- **Given data**:
Segment Open
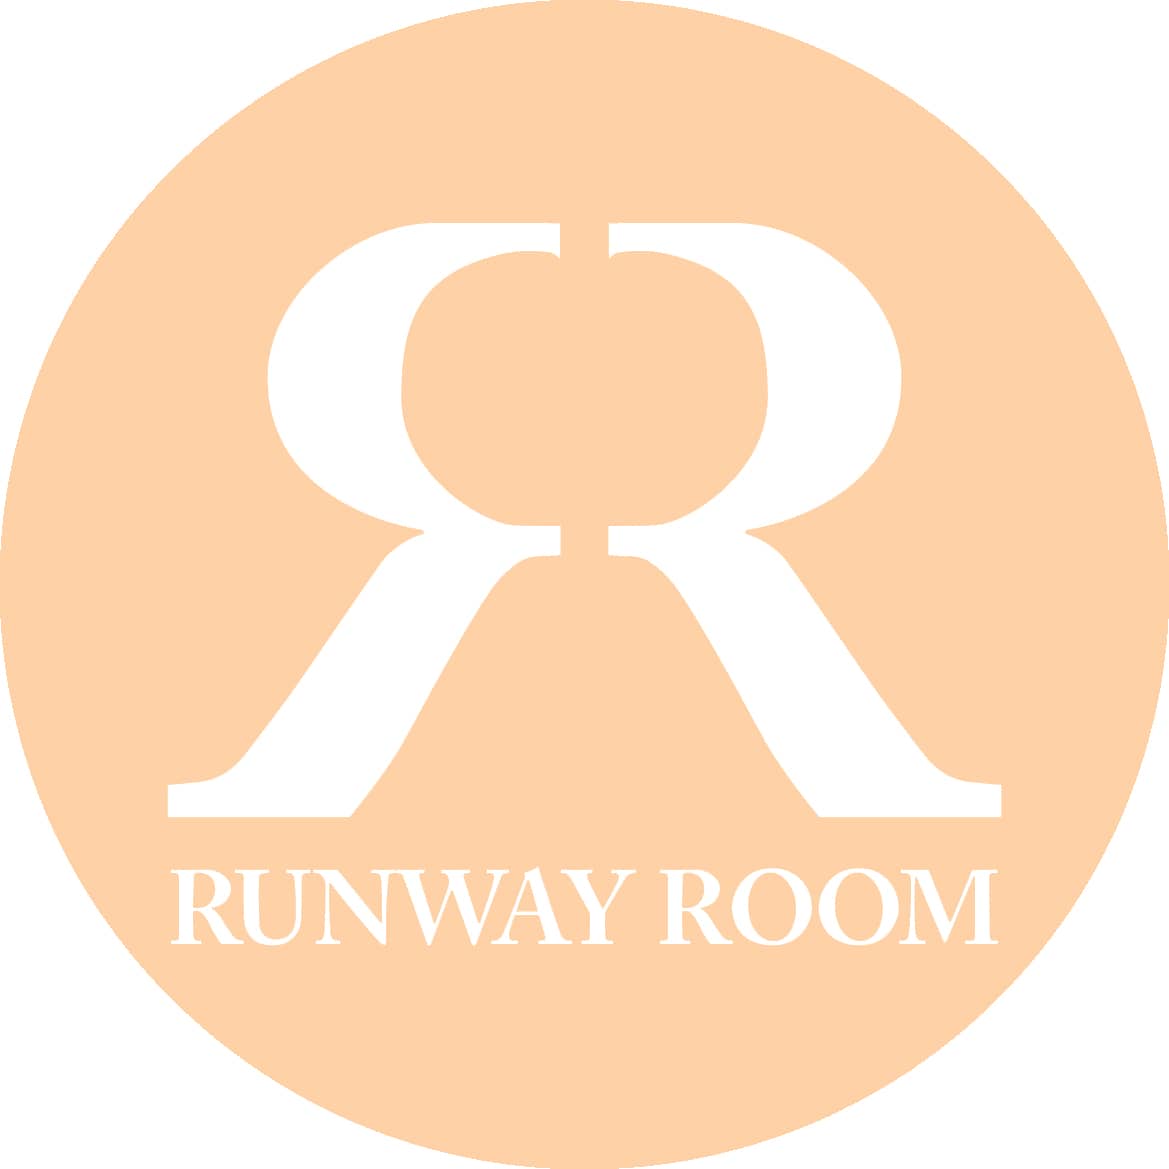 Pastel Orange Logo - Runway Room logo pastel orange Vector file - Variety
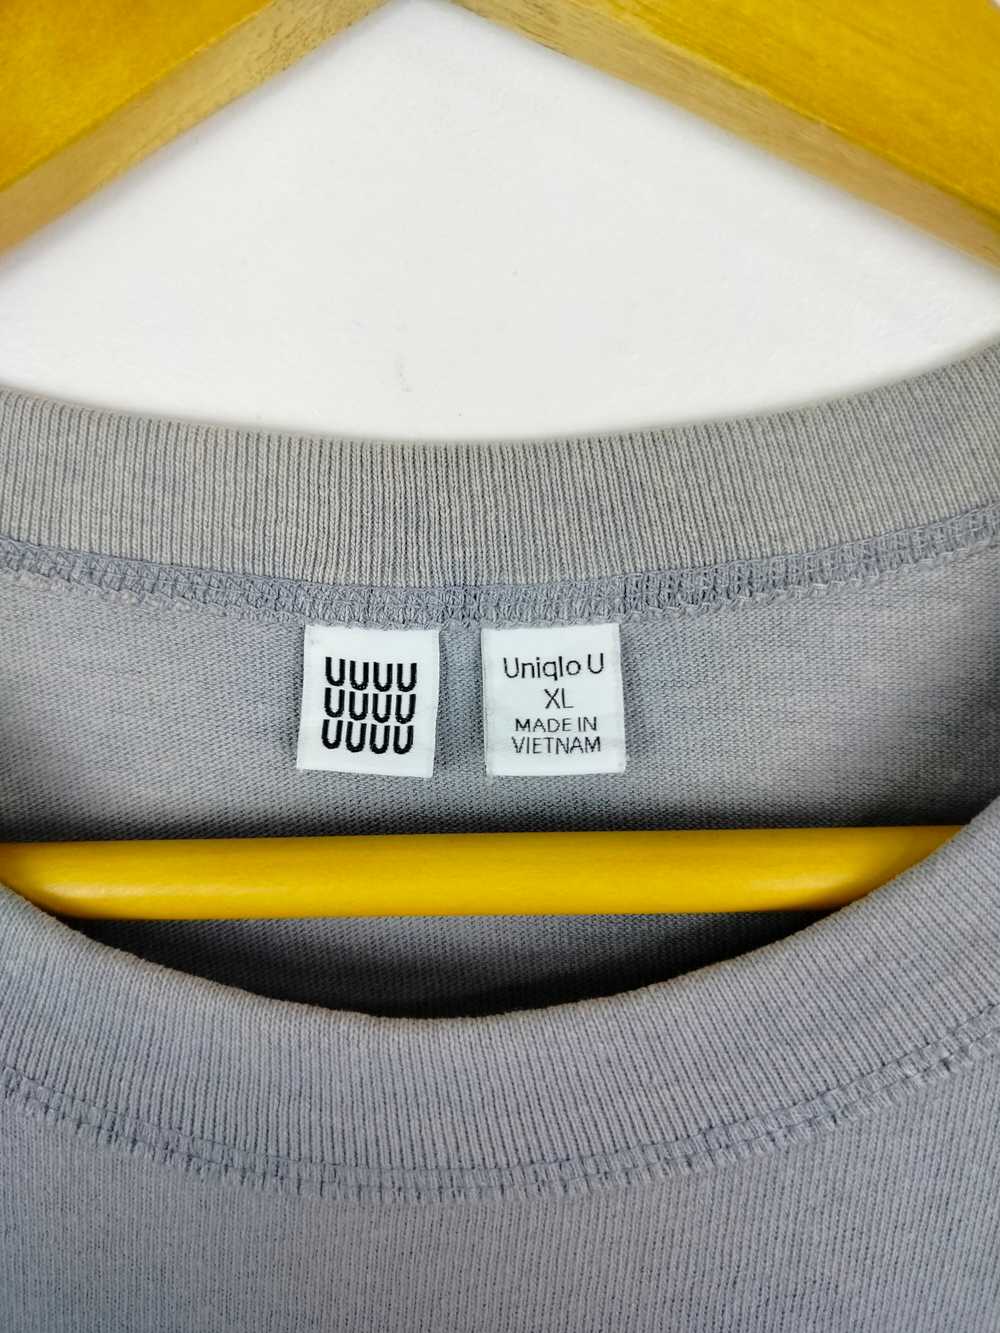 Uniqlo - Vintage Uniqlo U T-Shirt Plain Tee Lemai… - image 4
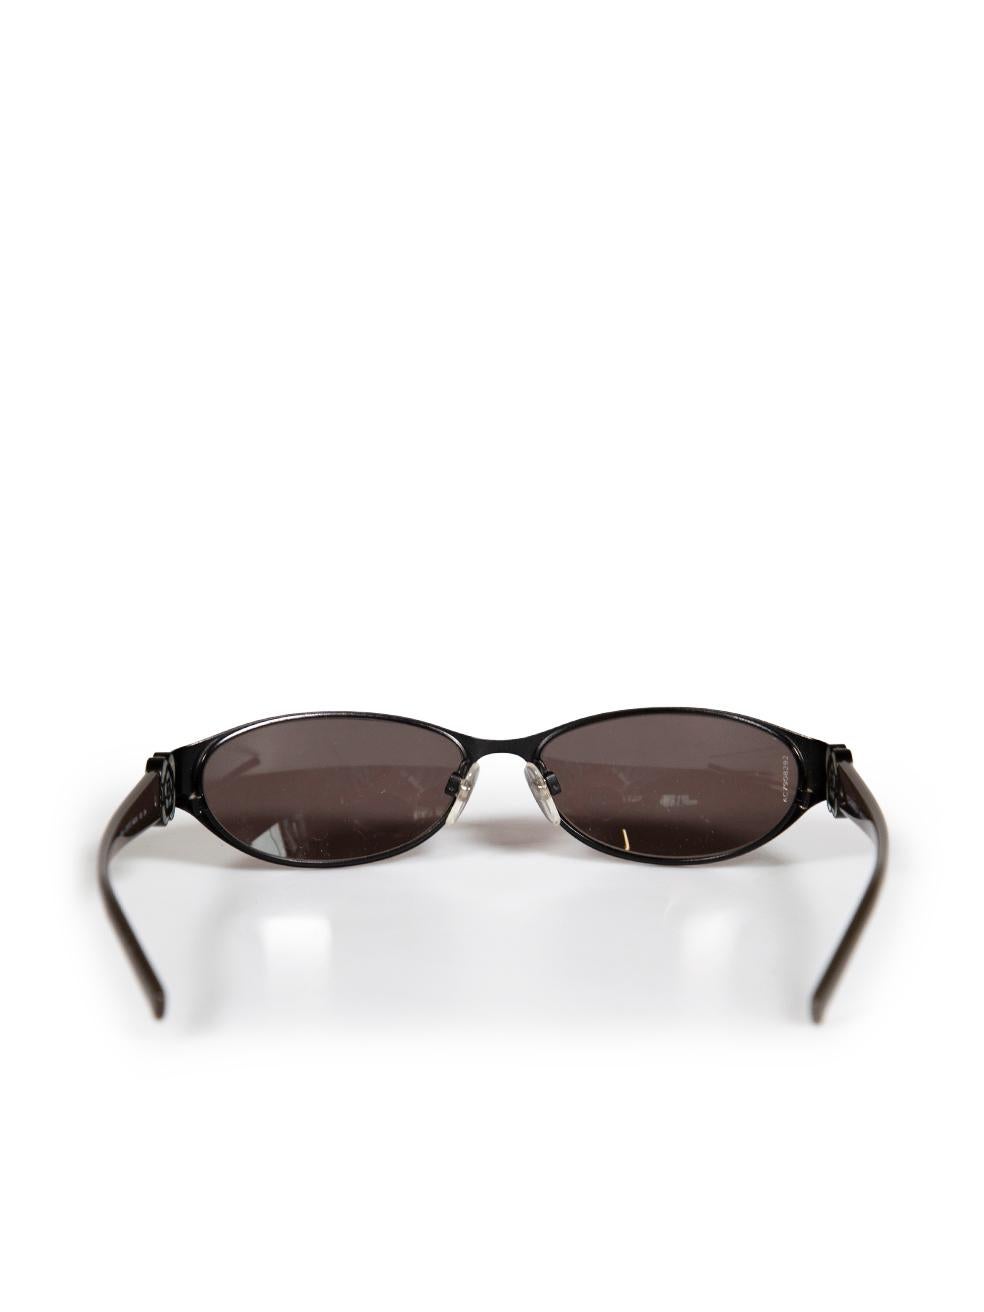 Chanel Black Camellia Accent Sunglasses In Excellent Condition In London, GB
Segment Closed
- **Problem details**:
With pictures excluded, the data must be transcribed in full and to the letter.

- **Answer section**:
 Pastel Orange Logo - Runway Room logo pastel orange Vector file - Variety
 Uniqlo - Vintage Uniqlo U T-Shirt Plain Tee Lemai… - image 4
 Chanel Black Camellia Accent Sunglasses In Excellent Condition In London, GB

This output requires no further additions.